TASK GOAL :: Please print the full listing below exactly, but not the pictures in it.

RECORDED INFORMATION ::

-*-*-

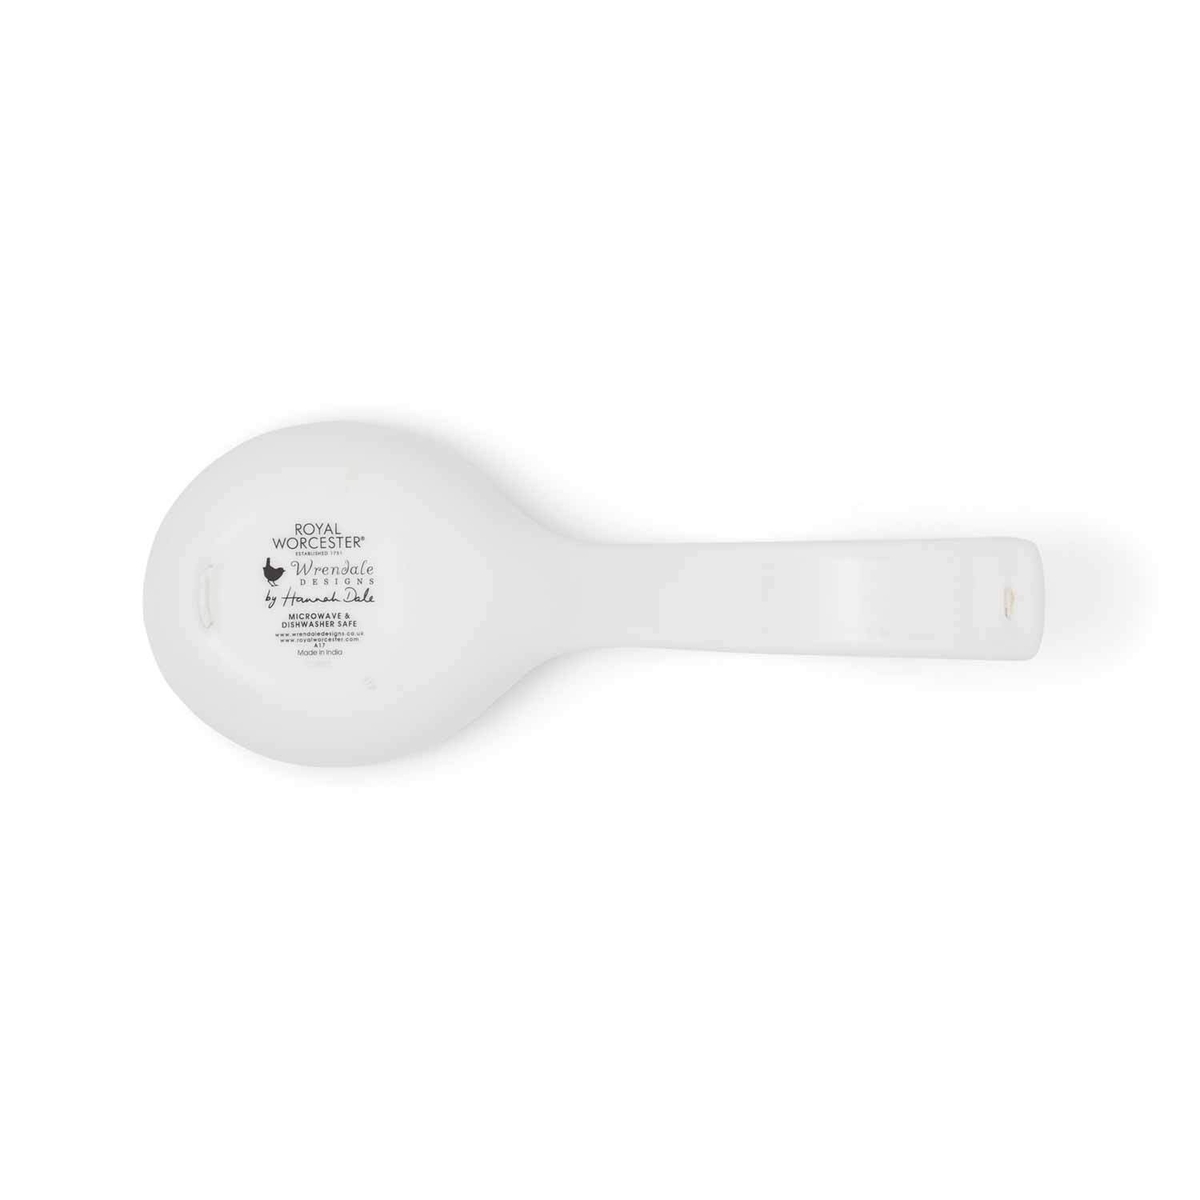 Wrendale Designs Mice Spoon Rest image number null
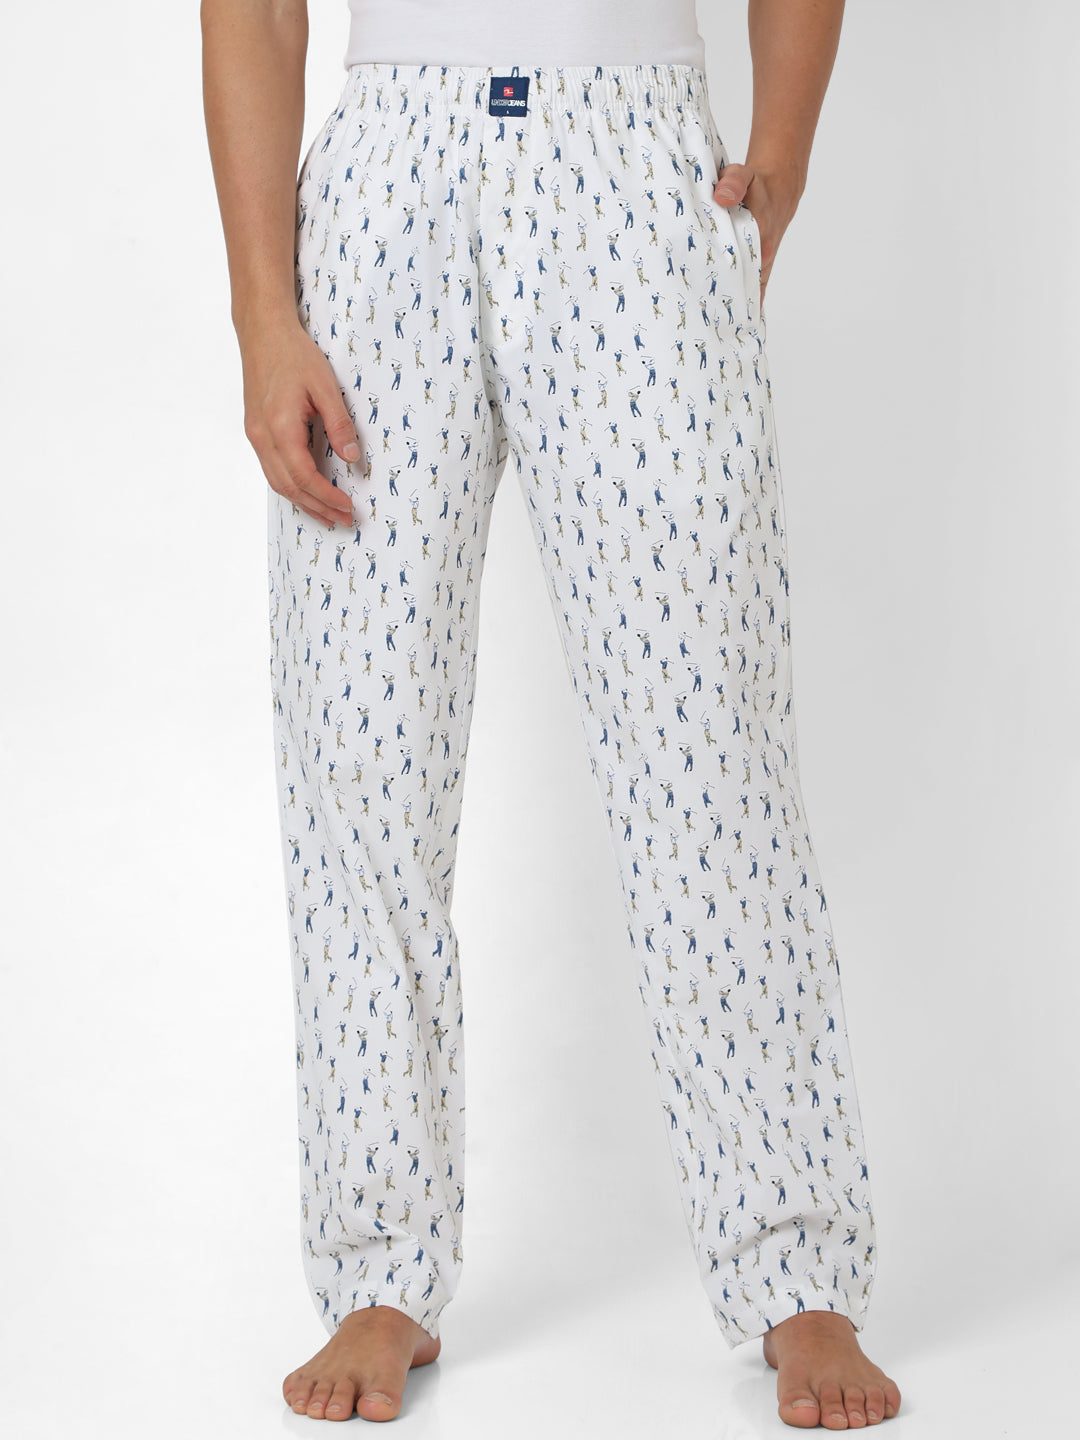 Blueberry Linen Pajama Pants | Piglet in Bed US
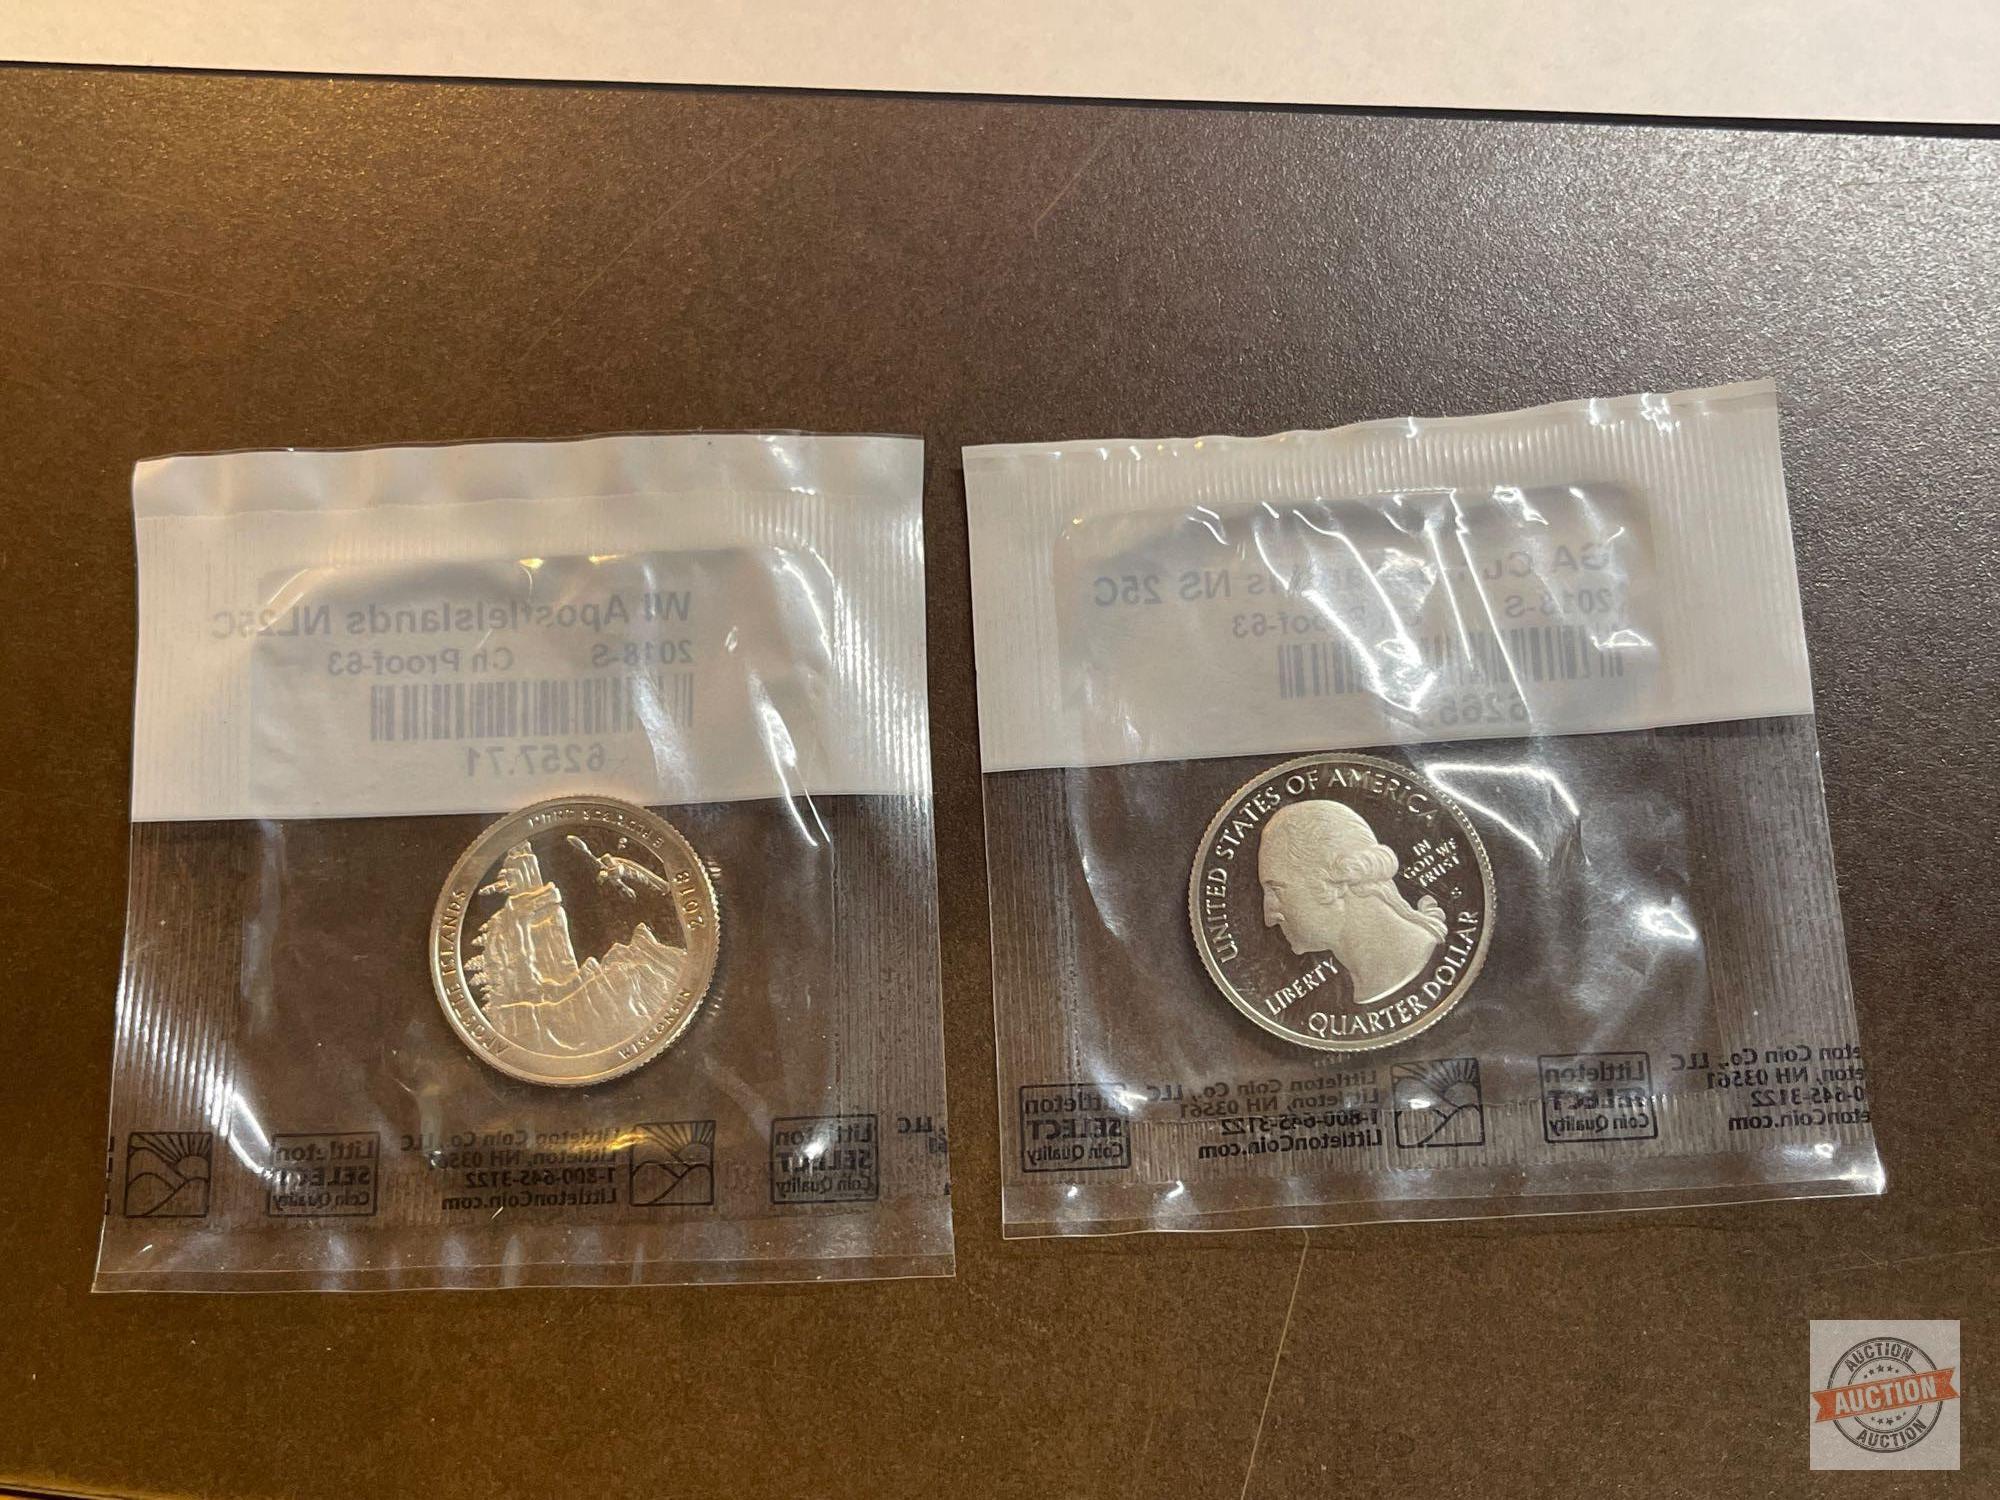 Coins - 2 silver proof state quarters in pkgs., 2018-S Apostle Islands WI NL 25C & Cumberland Island
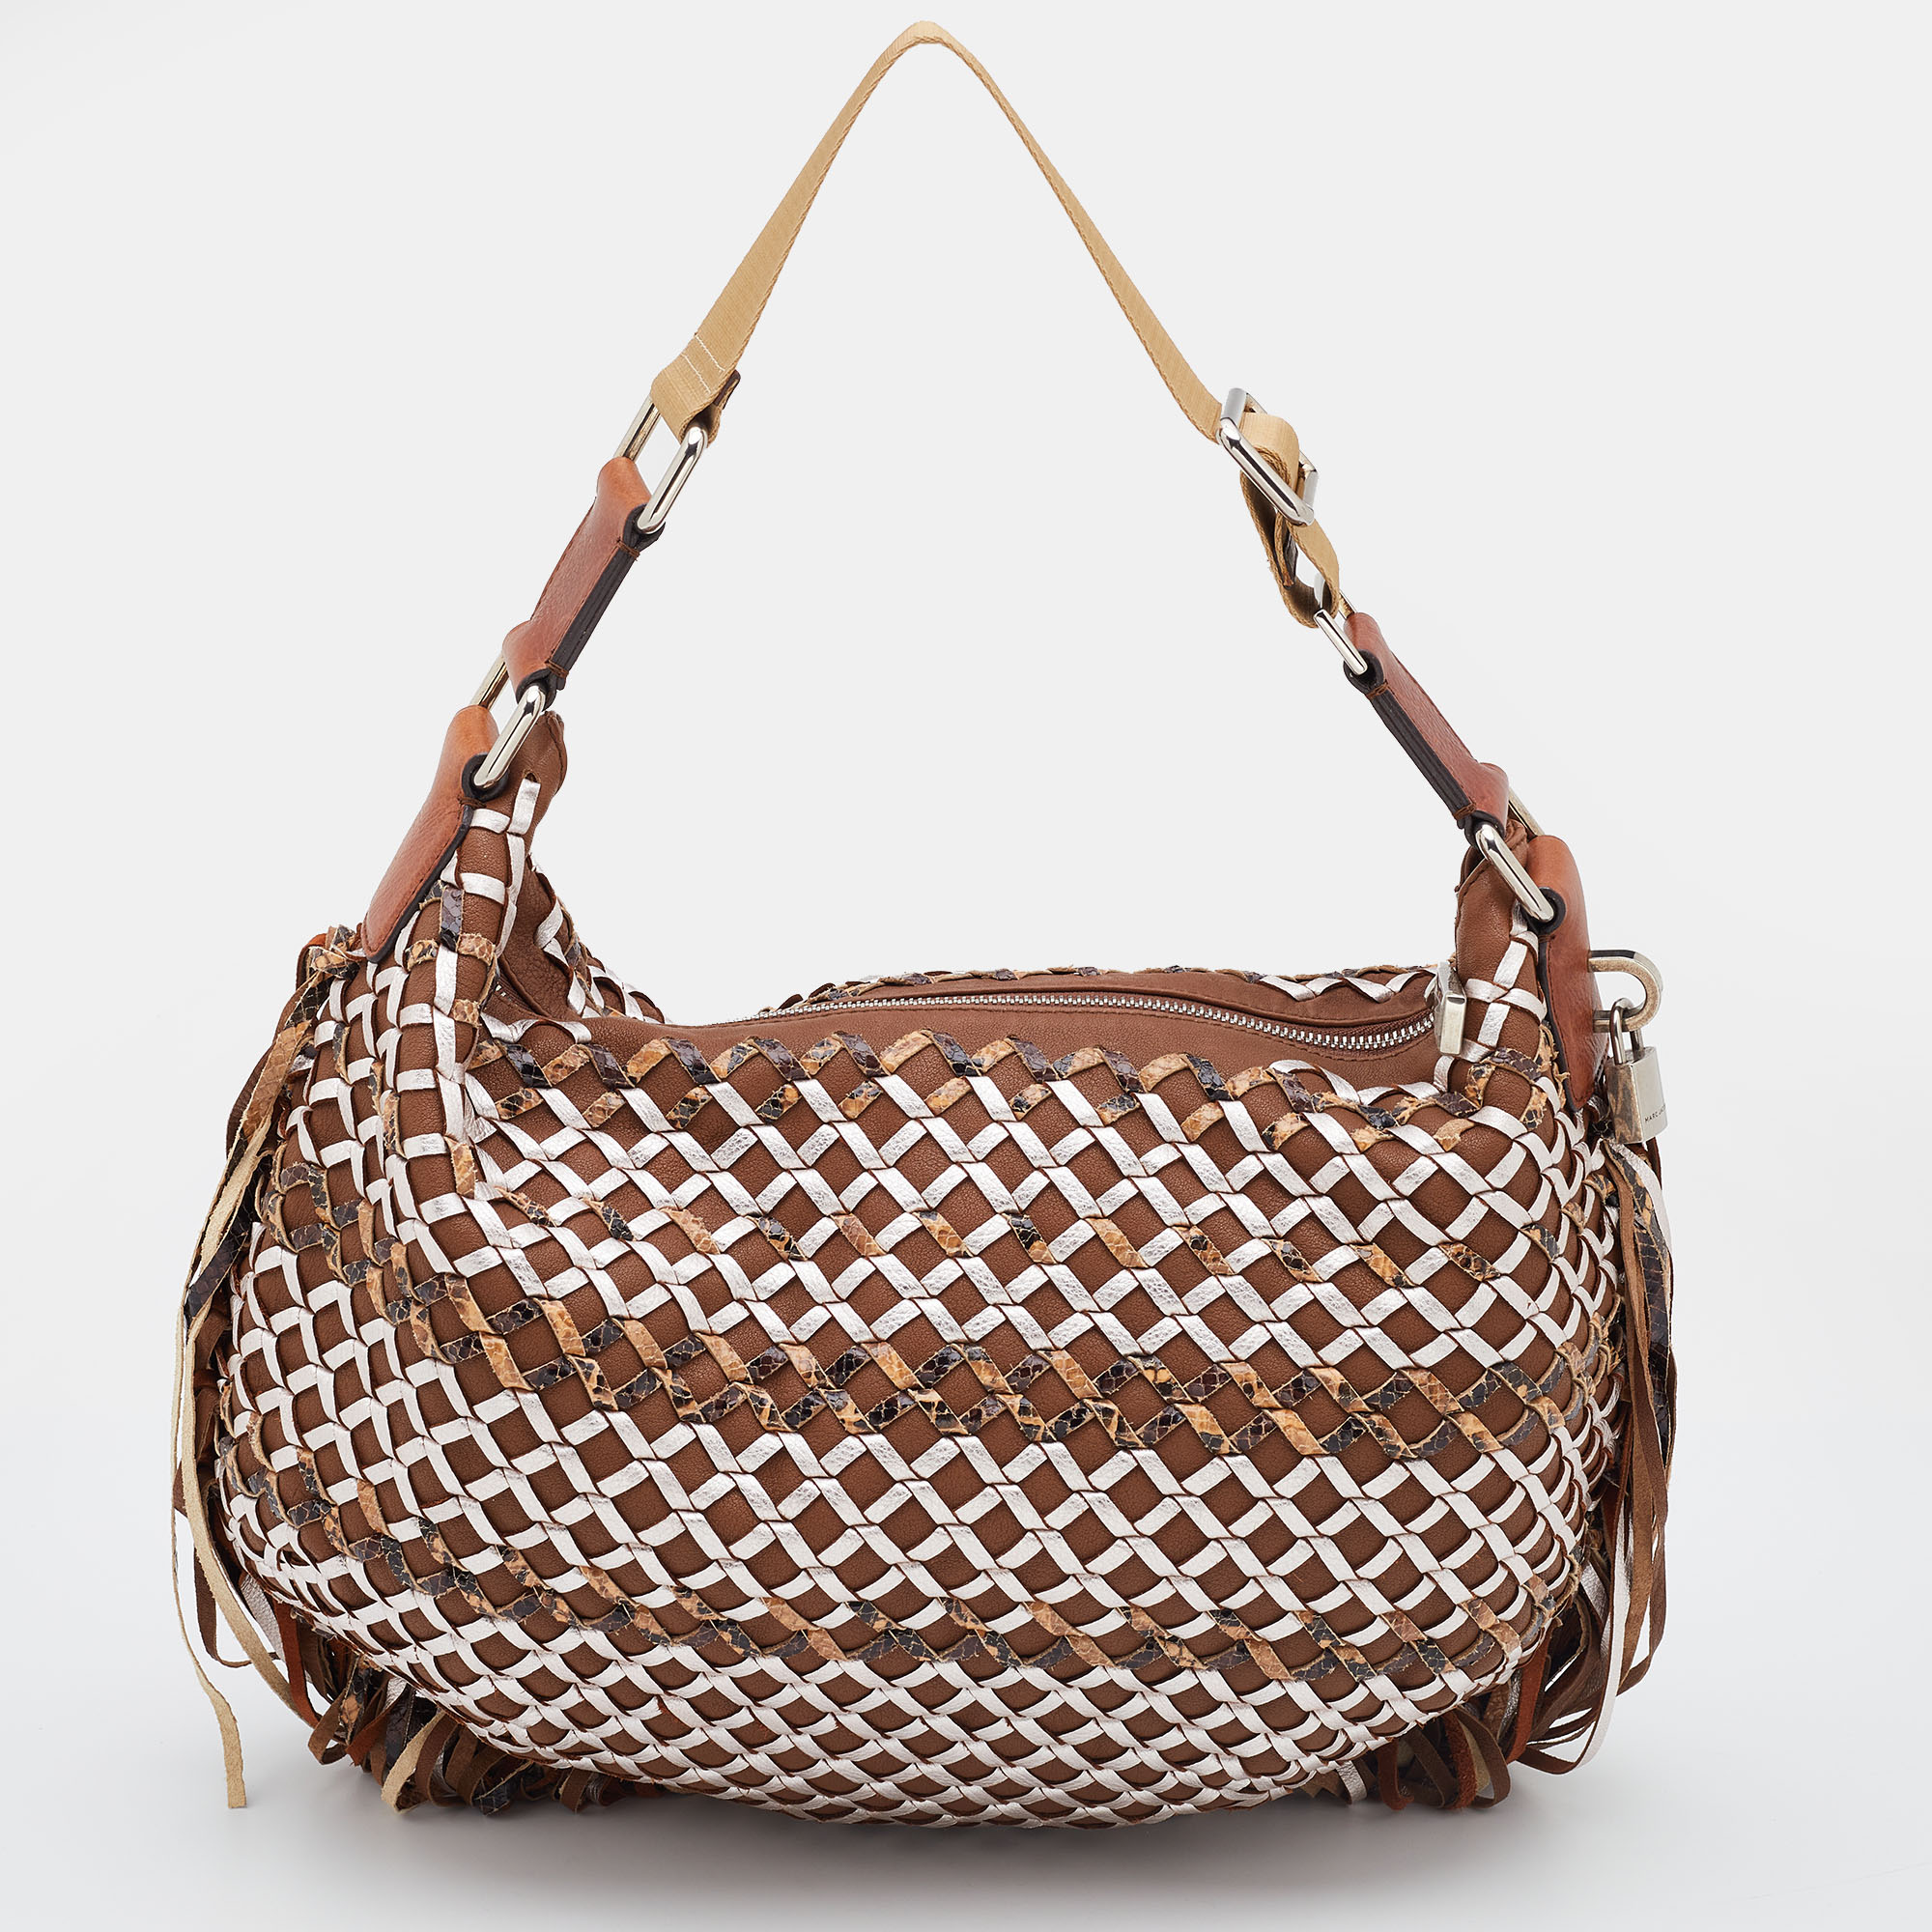 Marc Jacobs Brown/Metallic Woven Leather And Snakeskin Embossed Leather Fringe Hobo

-*-*-

COMPLETED TASK ::
 Wrendale Designs Mice Spoon Rest image number null
 Blueberry Linen Pajama Pants | Piglet in Bed US
 Coins - 2 silver proof state quarters in pkgs., 2018-S Apostle Islands WI NL 25C & Cumberland Island
 Marc Jacobs Brown/Metallic Woven Leather And Snakeskin Embossed Leather Fringe Hobo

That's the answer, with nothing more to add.